Although Night of the Living Dead is ostensibly a B-movie, it rarely feels like one. That's thanks in part to Romero's efficient, moody direction that heavily pays homage to Alfred Hitchcock (the rapid zoom effects paired with screeching music, the stark noir-ish lighting, the Hitchcockian blonde), and in part to Duane Johnson's stunningly naturalistic performance. He gives Ben an astonishing and modern countenance (save for perhaps his very measured enunciation), a sharp departure from the theatrical artifice of his co-stars.

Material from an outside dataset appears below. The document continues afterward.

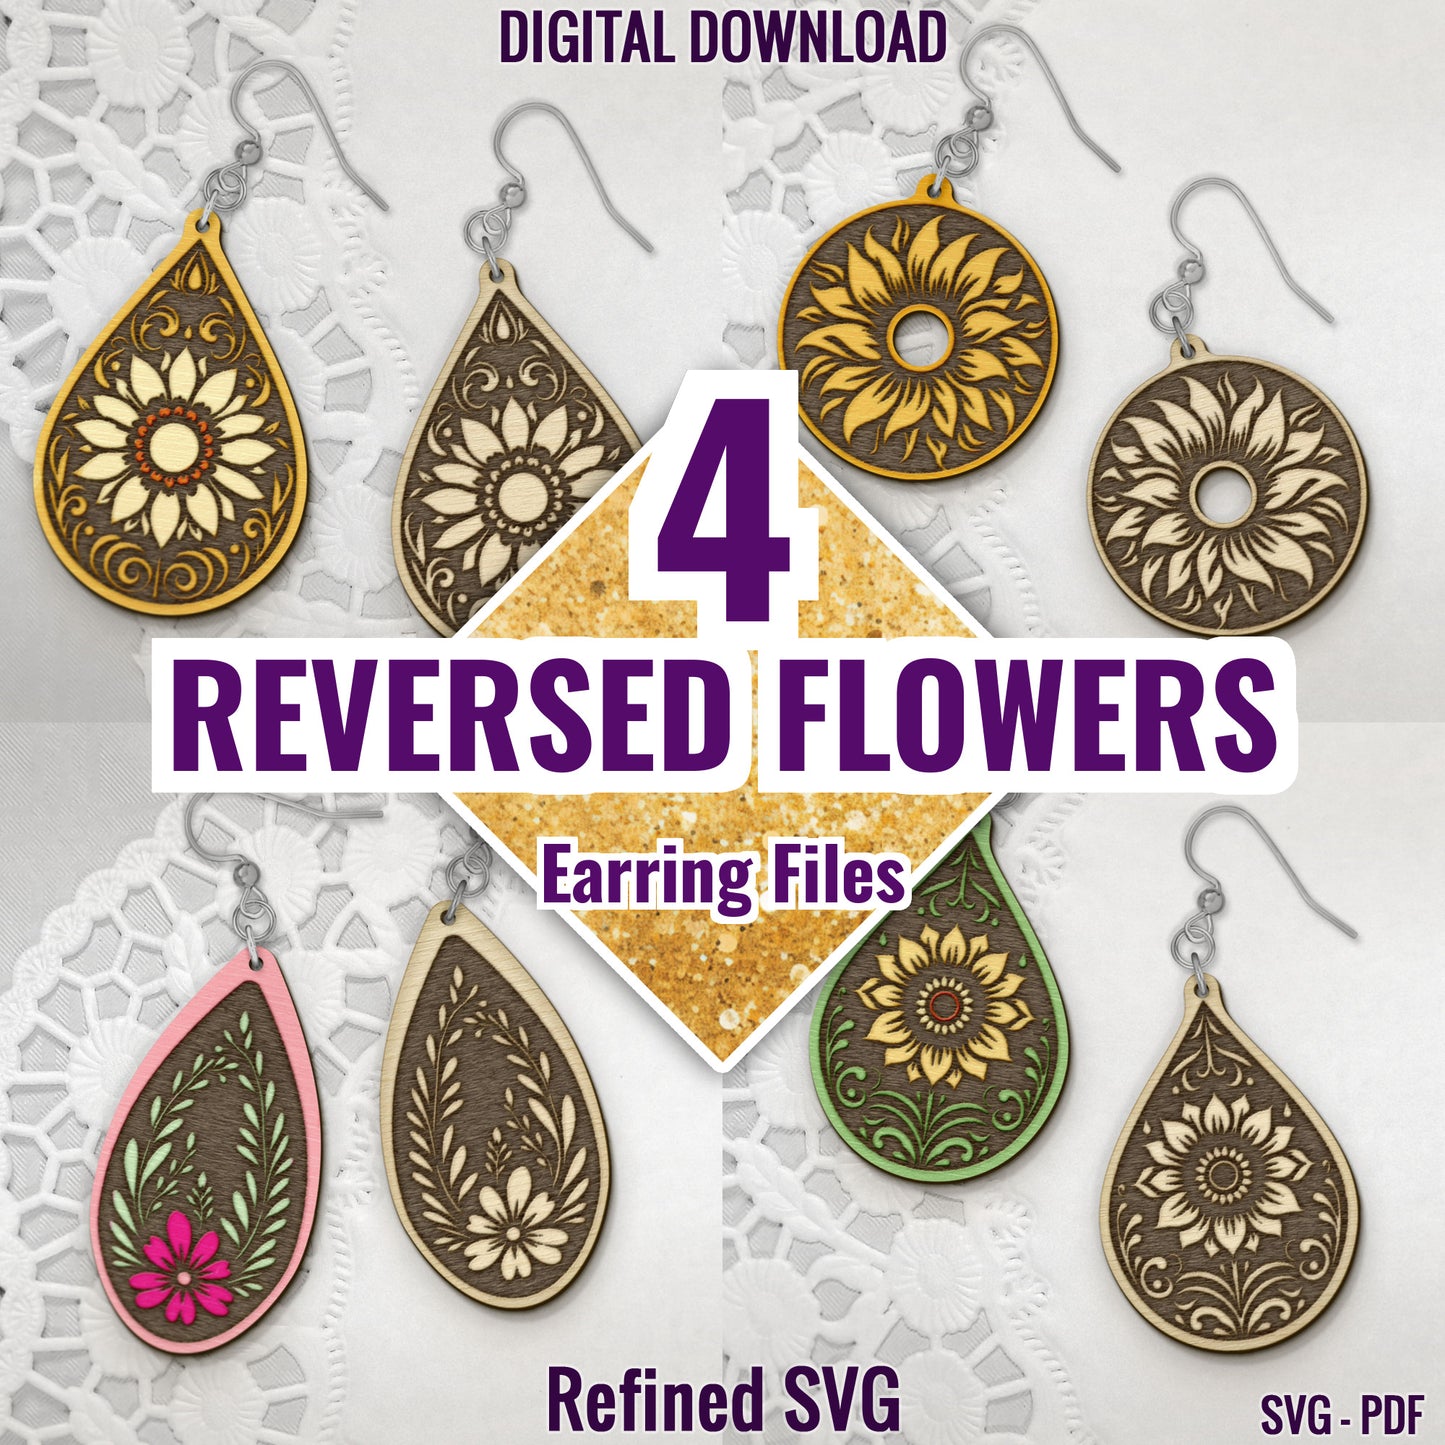 Reversed Flowers Earring SVG Bundle, 4 Flowers Earring Files, Reversed Flowers Earring SVG Set, Sunflower Earring Cut Files

It's probably what makes him so instantly sympathetic compared to his fellow archetypal survivors, whose introduction midway through the movie suddenly transforms the narrative into "Six Angry Men and Women." The wall-to-wall emotion threatens to make the film feel like a glorified play, until the tempers finally come to a boiling point between Ben and Harry, and the scene turns into a chaotic Lord of the Flies-style battle royale. Barbra's childish hysteria is frustrating to witness (it's one of the few elements of the film that hasn't aged well), as were the typical "beautiful people in a horror film acting dumb" storylines that we see, courtesy of Tom and Judy. Though were those so typical at the time?

Powerful, persuasive, and just a touch pulpy, Night of the Living Dead is yet another confirmation that the zombie genre is ideal for providing cultural commentary on a specific time and place. Night of the Living Dead strikes that perfect balance between glorious B-movie and unqualified masterpiece.